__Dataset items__
——
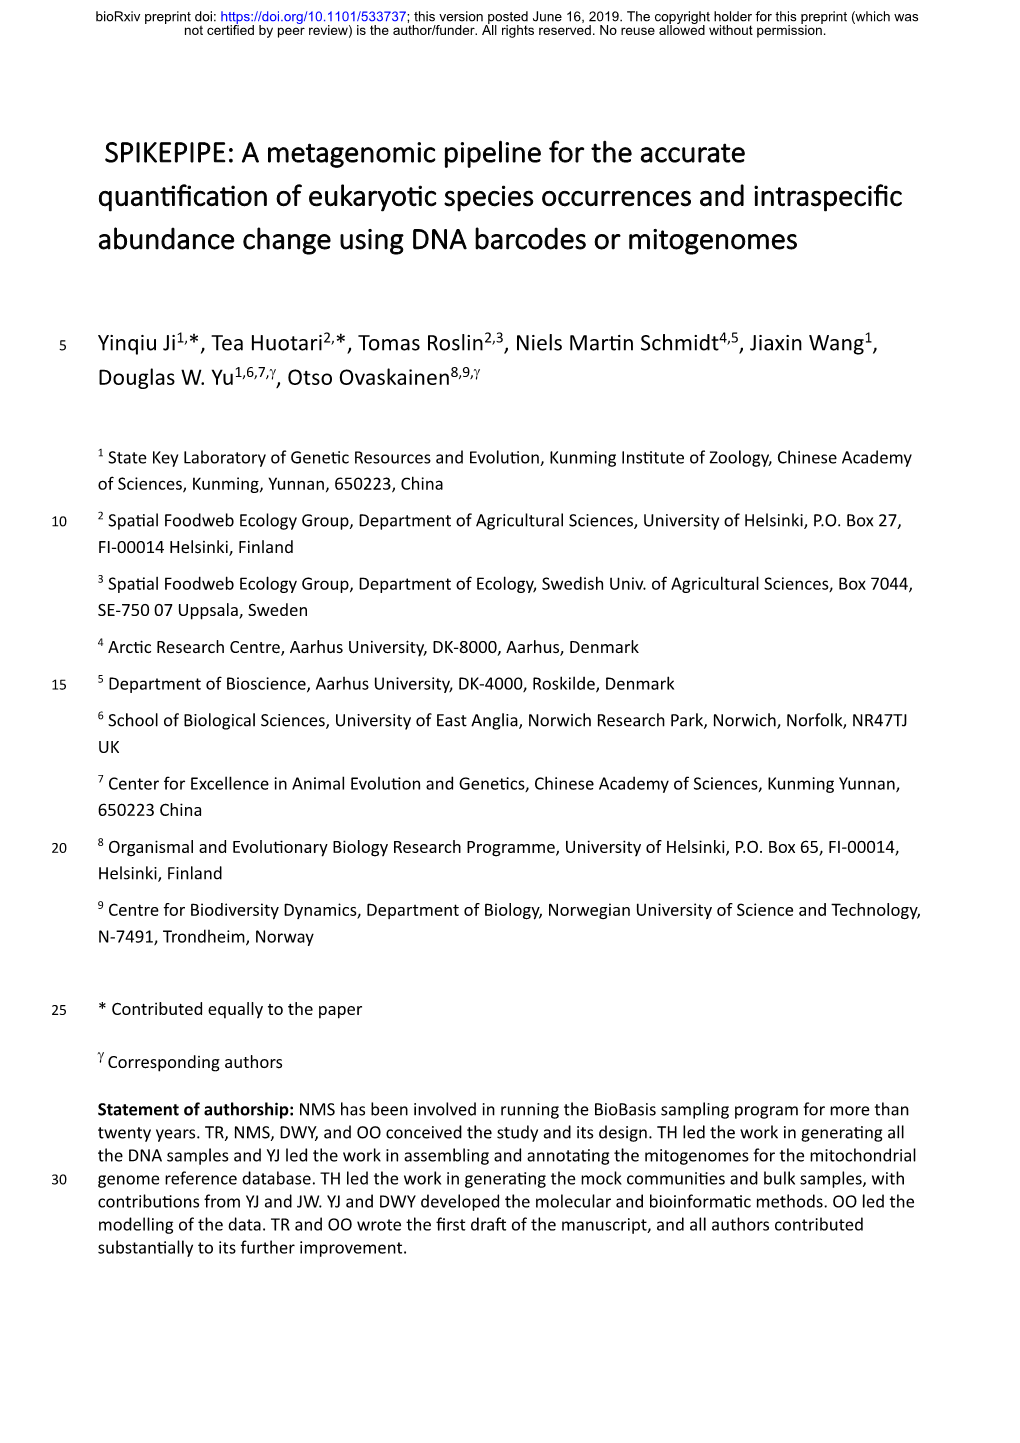 A Metagenomic Pipeline for the Accurate Quantification Of
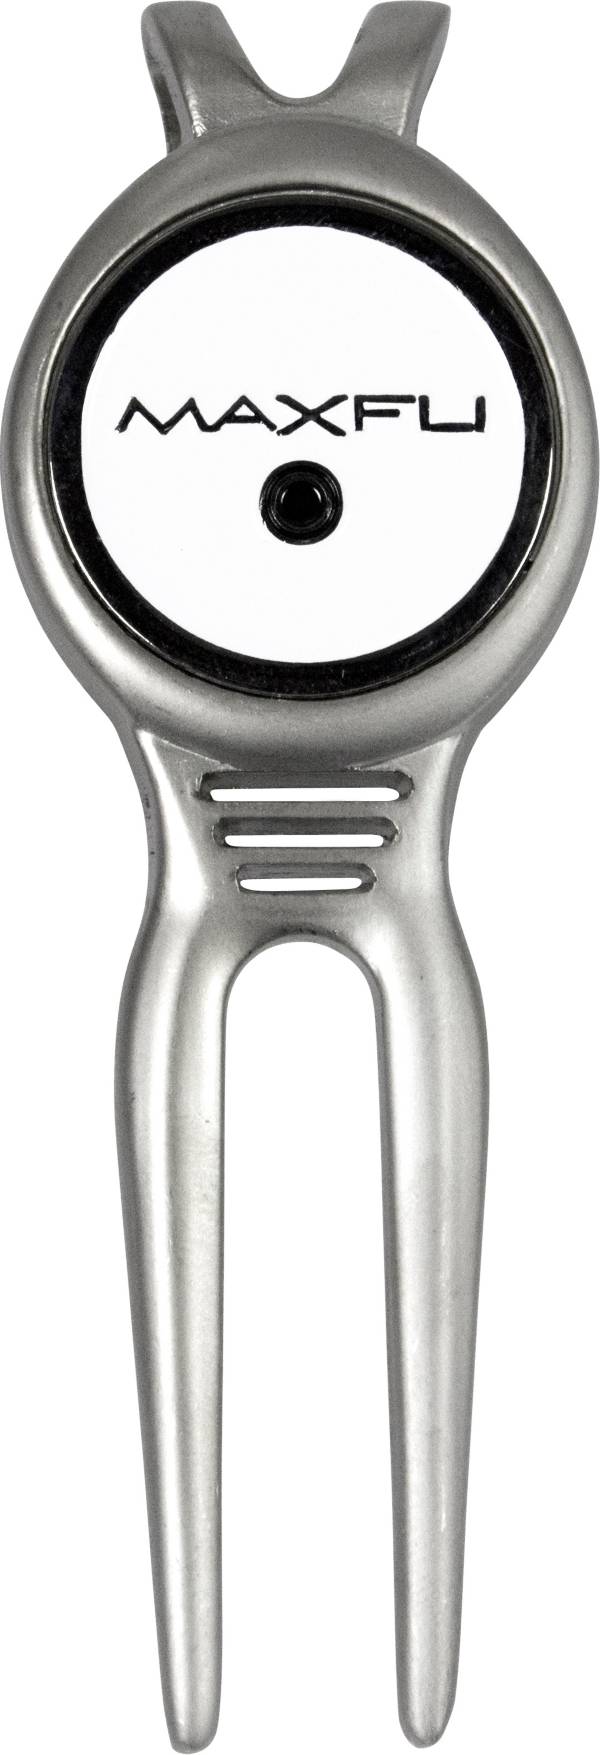 Maxfli Deluxe Divot Tool product image
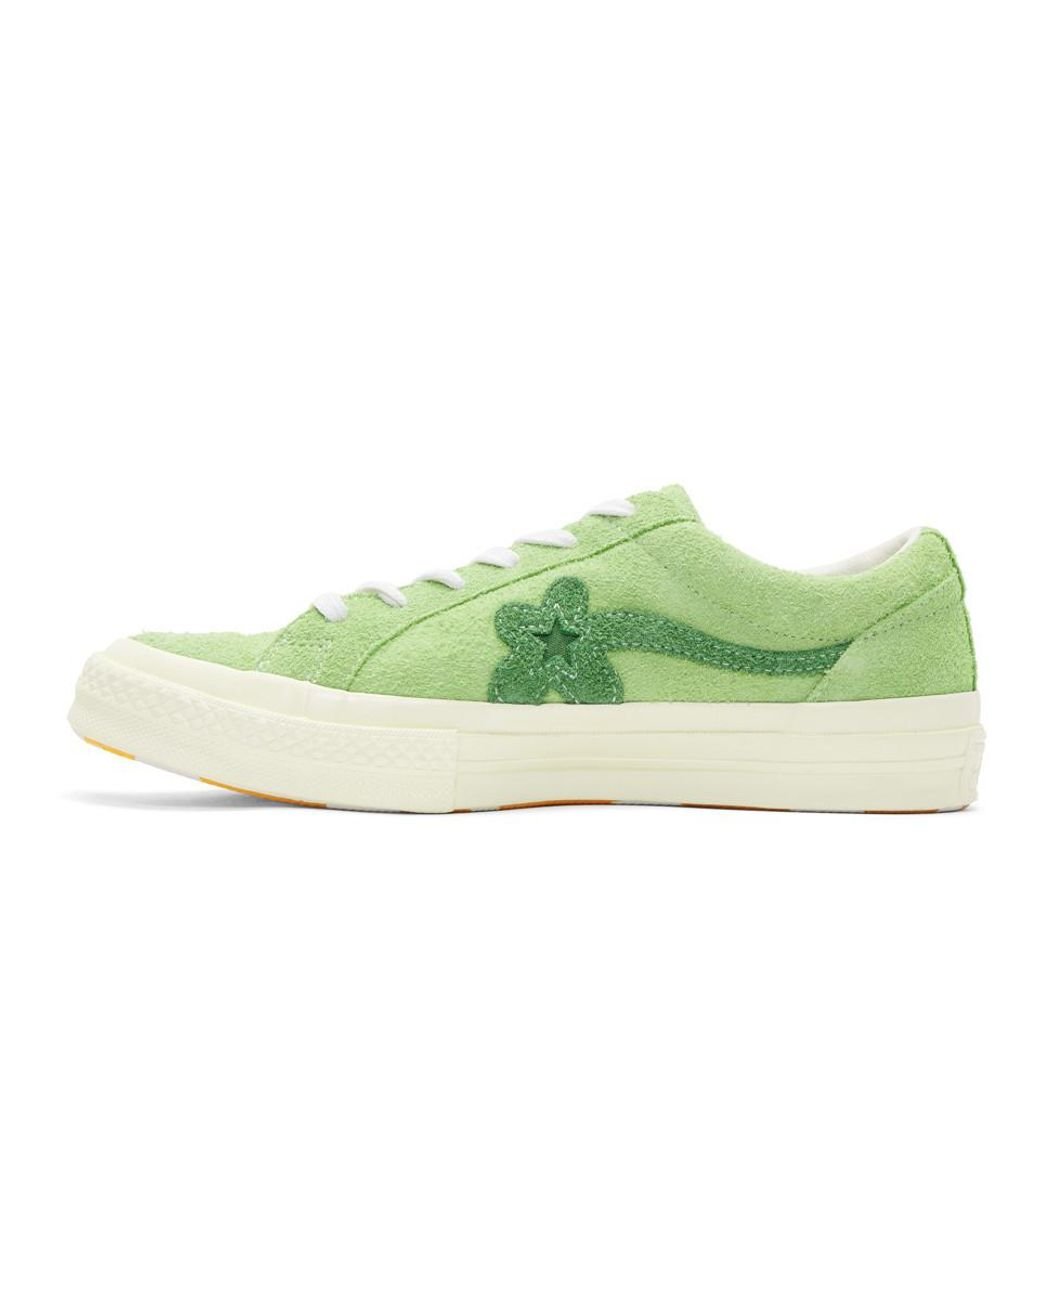 Converse Suede Green Golf Le Fleur Edition One Star Sneakers | Lyst
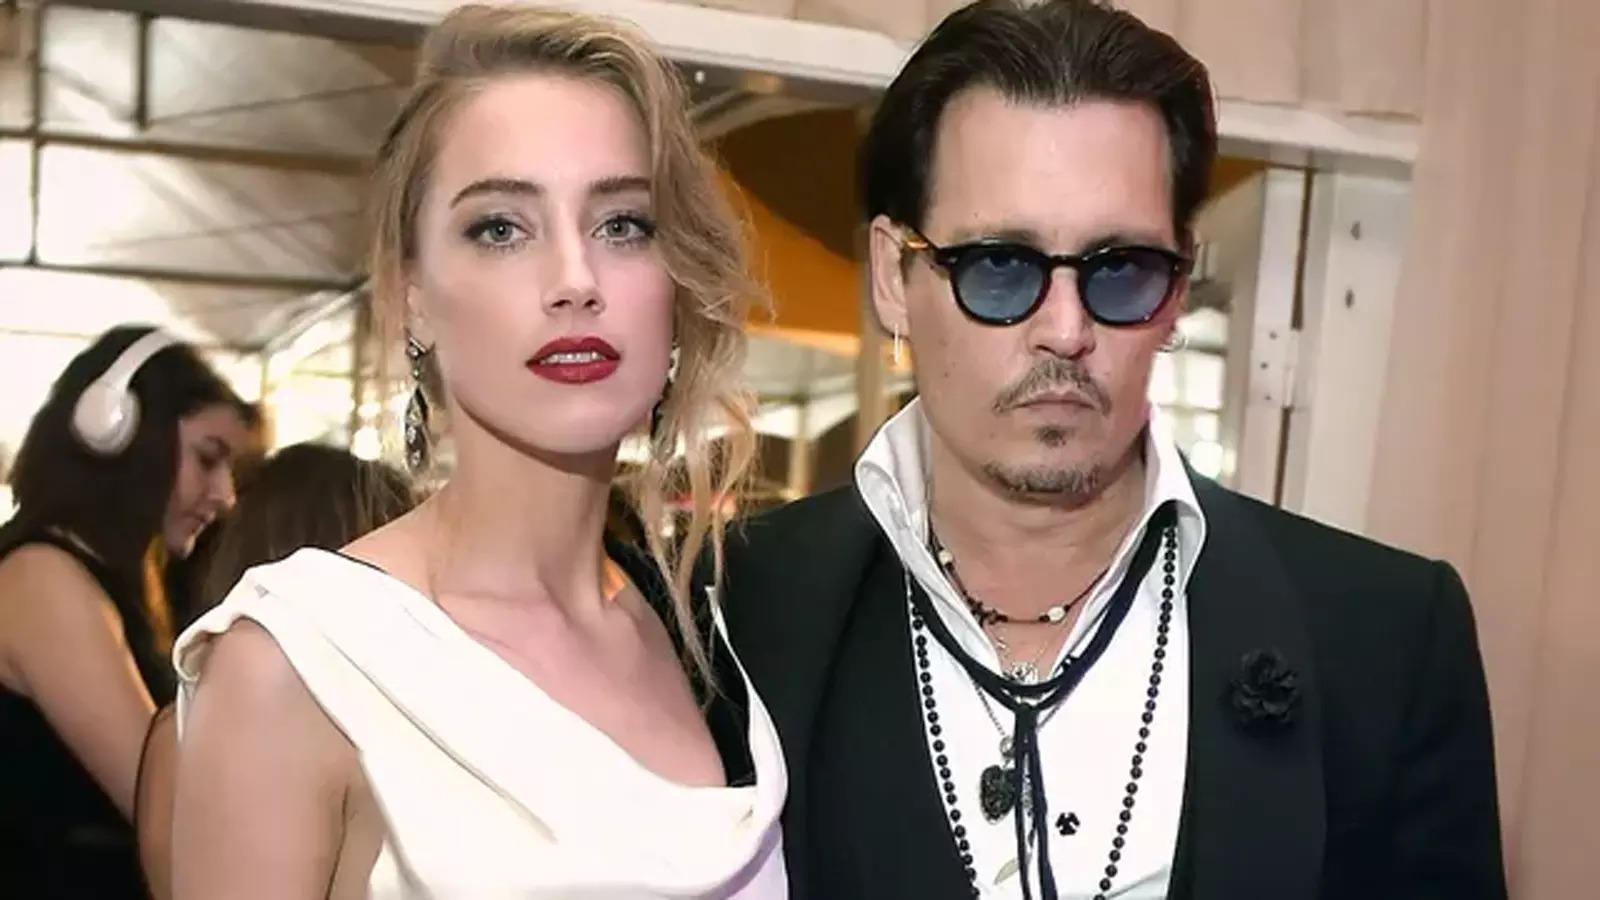 Johnny Depp case: Now, Amber Heard’s insurance company refuses to cover her damages owing to ‘wilful’ defamation | English Movie News – Hollywood
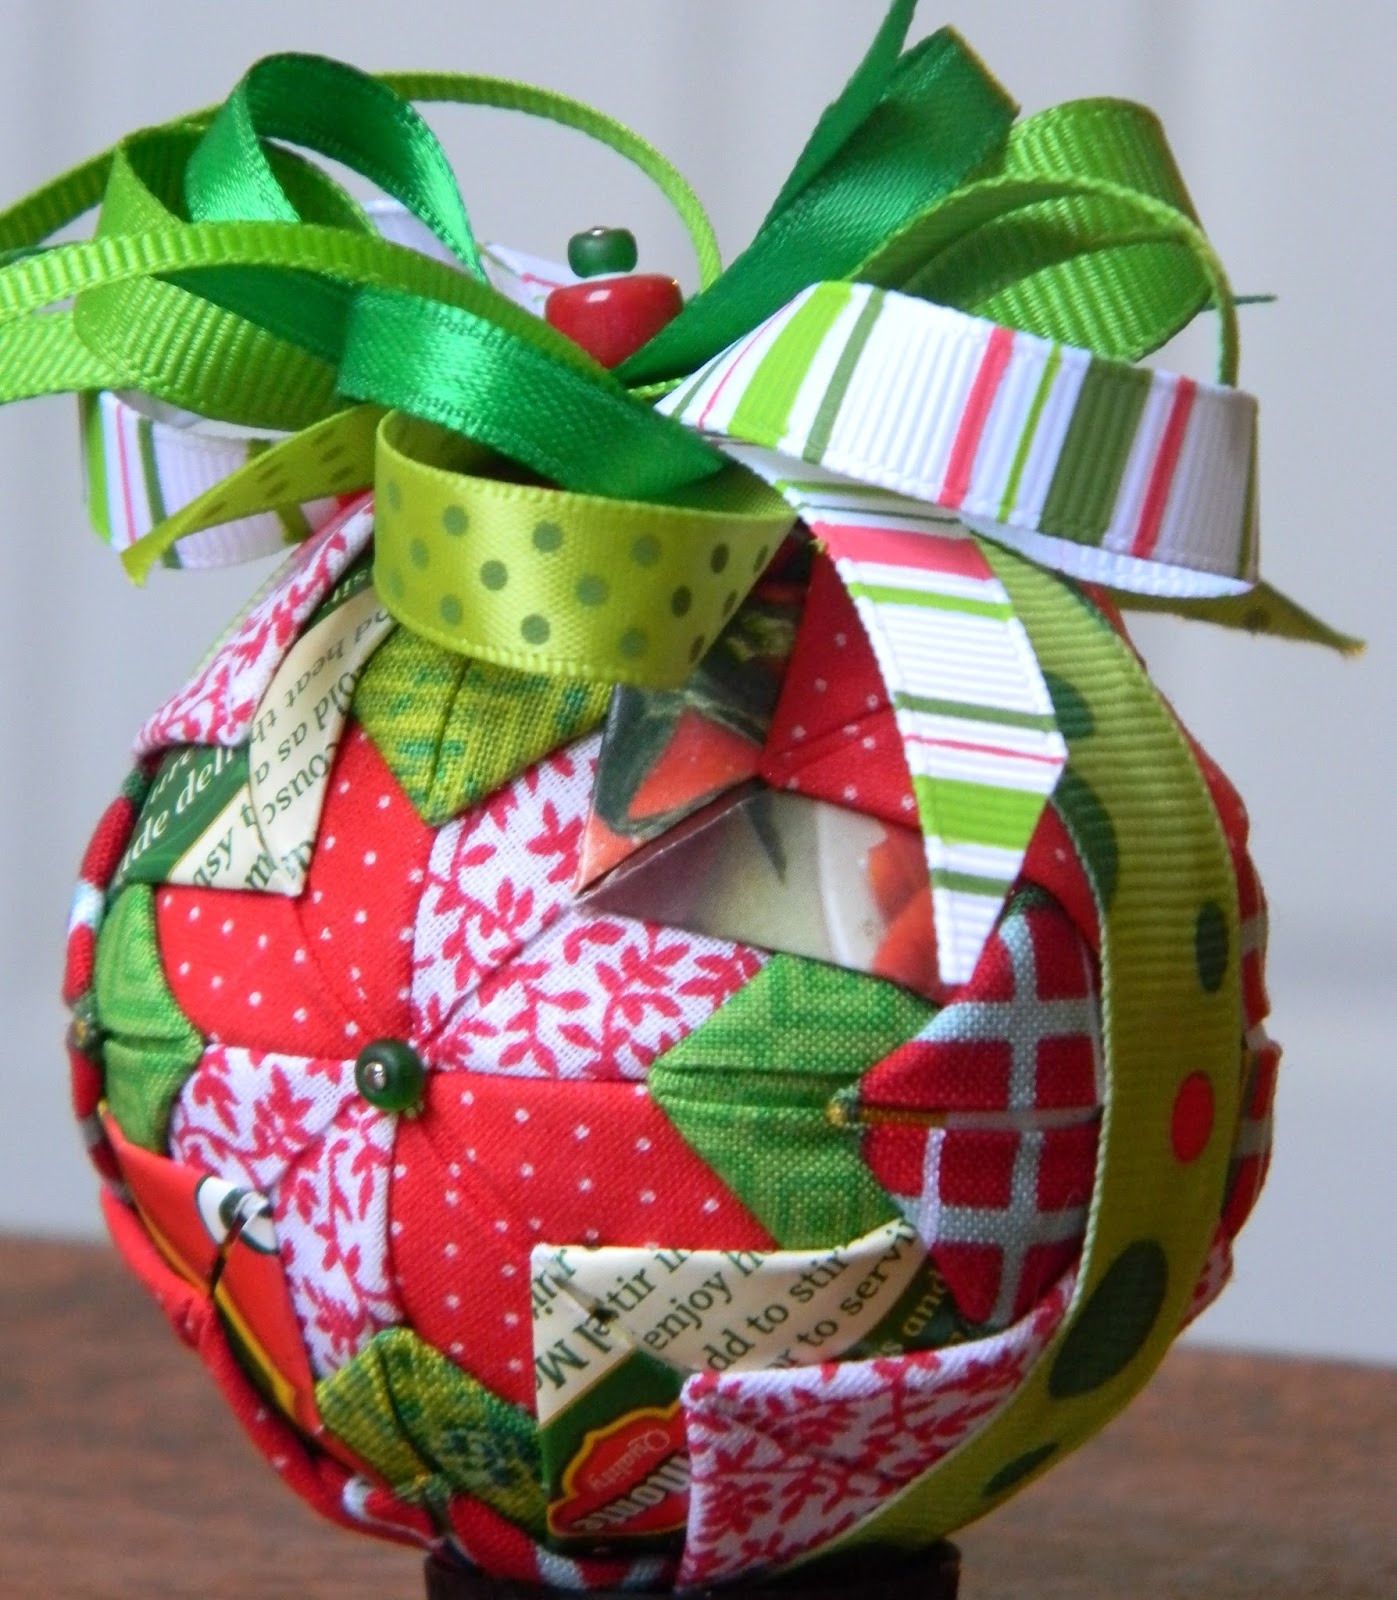 How to Recycle Recycled Christmas Ball Ornaments
——
__Your goal__
Skip the images and set down the rest of the data unchanged.

__Answer box__
 A Metagenomic Pipeline for the Accurate Quantification Of
 Maxfli Deluxe Divot Tool product image
 Converse Suede Green Golf Le Fleur Edition One Star Sneakers | Lyst
 Johnny Depp case: Now, Amber Heard’s insurance company refuses to cover her damages owing to ‘wilful’ defamation | English Movie News – Hollywood
 How to Recycle Recycled Christmas Ball Ornaments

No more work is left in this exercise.